Hier soir, la France s’est une nouvelle fois retrouvée face à l’Espagne, seulement un mois après la demi-finale de l’Euro perdue par les Bleus, pour tenter d’arracher la médaille d’or olympique. Hélas en vain. Mais une autre équipe, où se trouvaient trois joueurs lensois, a déjà réussi cet exploit. C’était il y a quarante ans.
Les protagonistes
Nous sommes en 1984. Big Brother et la police de la pensée sont restés fictifs. La grève des mineurs a éclaté dans la Grande-Bretagne de Margaret Thatcher. Le lecteur CD existe depuis deux ans seulement, on écoute plutôt des 45 tours. Les gens se trémoussent et s’égosillent sur « Thriller », « Still Loving You » et « Wake Me Up Before You Go-Go ». La France vient de remporter l’Euro à domicile et s’apprête à participer aux JO de Los Angeles. Parmi eux, trois joueurs du Racing Club de Lens.

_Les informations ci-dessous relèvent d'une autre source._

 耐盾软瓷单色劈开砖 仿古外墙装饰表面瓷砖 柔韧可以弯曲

Didier Sénac est certes le dernier Lensois en date appelé en équipe de France, mais le premier des trois à avoir rejoint l’effectif sang et or. Ce défenseur central y effectue sa formation dès 1977.

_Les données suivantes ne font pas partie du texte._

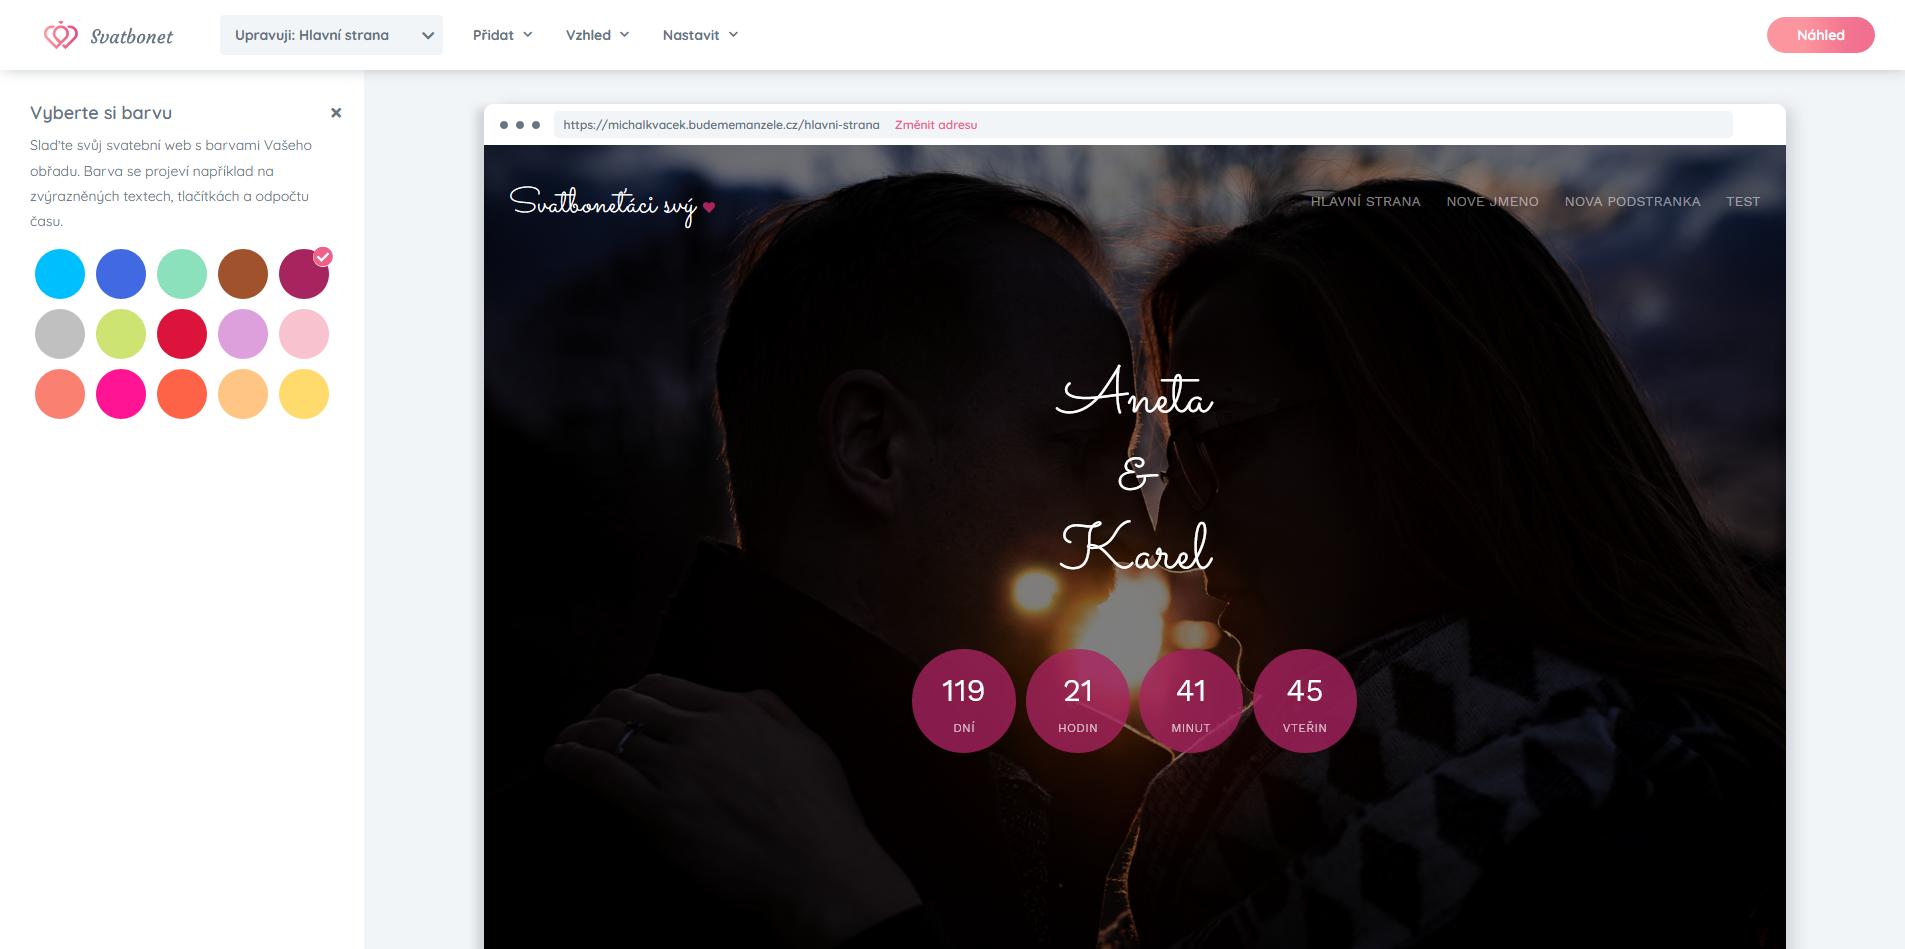 svatební webové stránky vzhled vyberete si barvu

Son père, Guy Sénac, a lui aussi joué à Lens dans les années 60 comme défenseur, et a été appelé deux fois en sélection.
Bien inspiré, Didier se met très vite à marcher dans ses pas. C’est ainsi qu’à dix-neuf ans seulement, il foule pour la première fois la pelouse avec le maillot lensois sur ses épaules, pour le dernier match officiel de la D1 1977-78. Il restera en tout dix ans au sein de la défense artésienne, avec à ses côtés Hervé Flak ou encore Daniel Leclercq à ses débuts, et à la fin Jean-Guy Wallemme et Éric Sikora, avant un départ vers Bordeaux.

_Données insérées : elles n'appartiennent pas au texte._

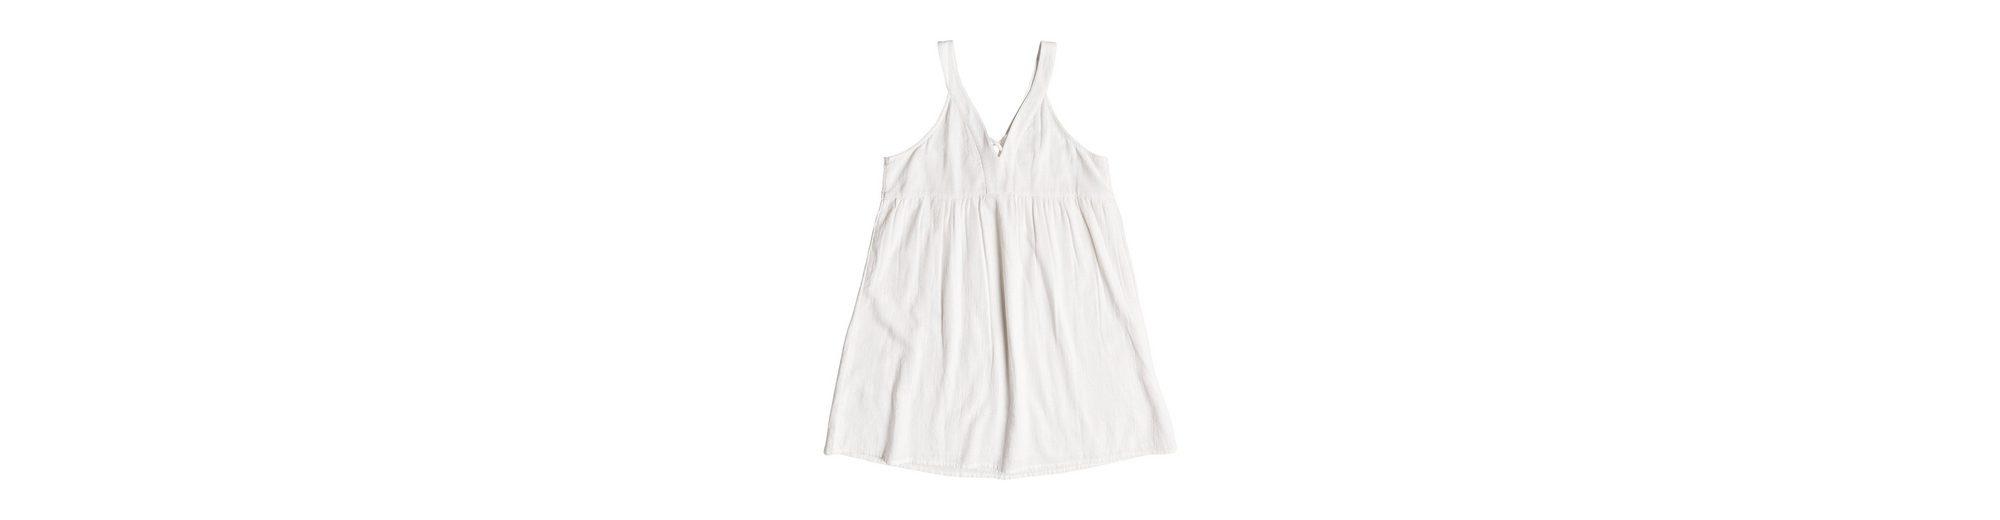 Roxy Riemchenkleid Drift Away Hohe Qualität Online Kaufen Extrem Günstiger Preis V3S9q7zGq

En février 1981, Daniel Xuereb est encore un joueur lyonnais lorsque Michel Hidalgo l’appelle en Équipe de France, deux saisons et demie après ses débuts en pro. Mais plus pour longtemps. L’été suivant, cet attaquant de pointe rusé rejoint le Racing Club de Lens pour former une attaque qui restera dans les mémoires, avec le Polonais Roman Ogaza et un certain François Brisson, ailier qui débarque à Lens en même temps que lui.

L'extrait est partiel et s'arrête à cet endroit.